In this program, the following key steps are performed:
1. A Databricks workspace is provisioned using the `databricks.Workspace` resource.
2. A secret scope is created for the storage account using the `databricks.SecretScope` resource, which will securely store the account's access key.
3. A `databricks.StorageCredential` resource is then created to represent the security credential for the storage integration.
4. An access key for the storage account is then stored in the secret scope via the `databricks.Secret` resource.
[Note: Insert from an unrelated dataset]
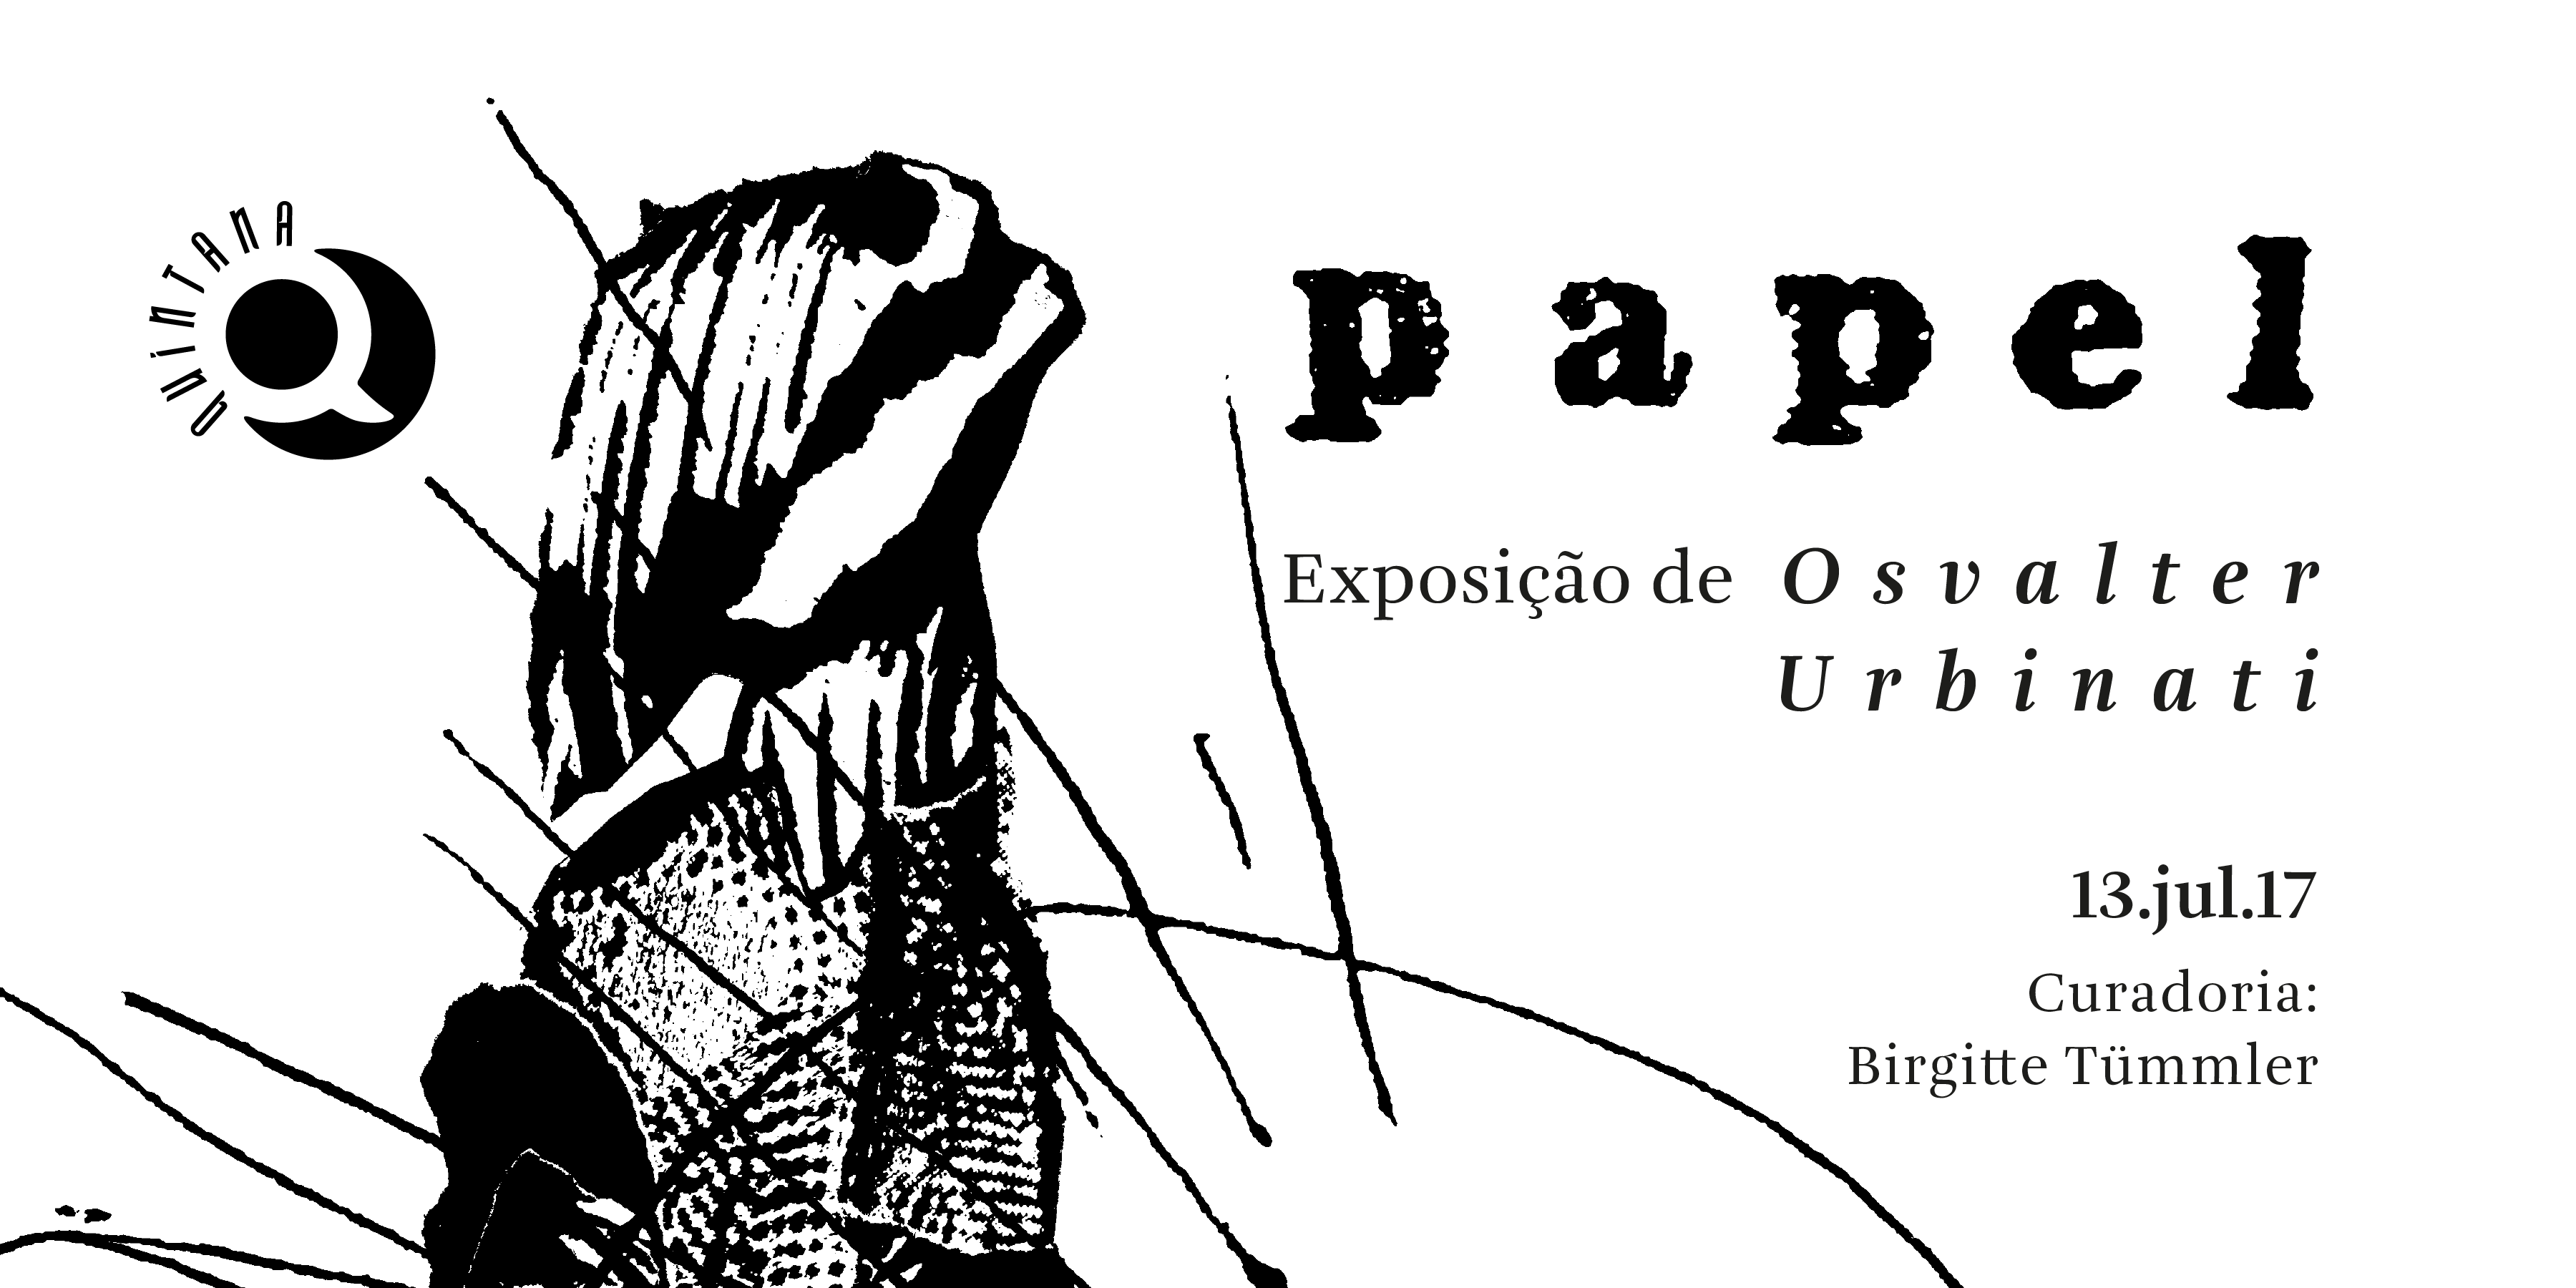 """Papel"", por Osvalter, abre nesta quinta-feira no Quintana"

After setting up these resources, you will need to use Databricks CLI or workflows within a Databricks notebook to mount the storage account to DBFS using the credentials set up in the secret scope. The placeholder code commented out at the bottom provides a rough idea of what those commands could look like, although it varies based on the specifics of your cloud storage and Databricks configuration.

This complete setup ensures that your data integration is secure, as sensitive credentials are not exposed directly within your data processing scripts or notebooks.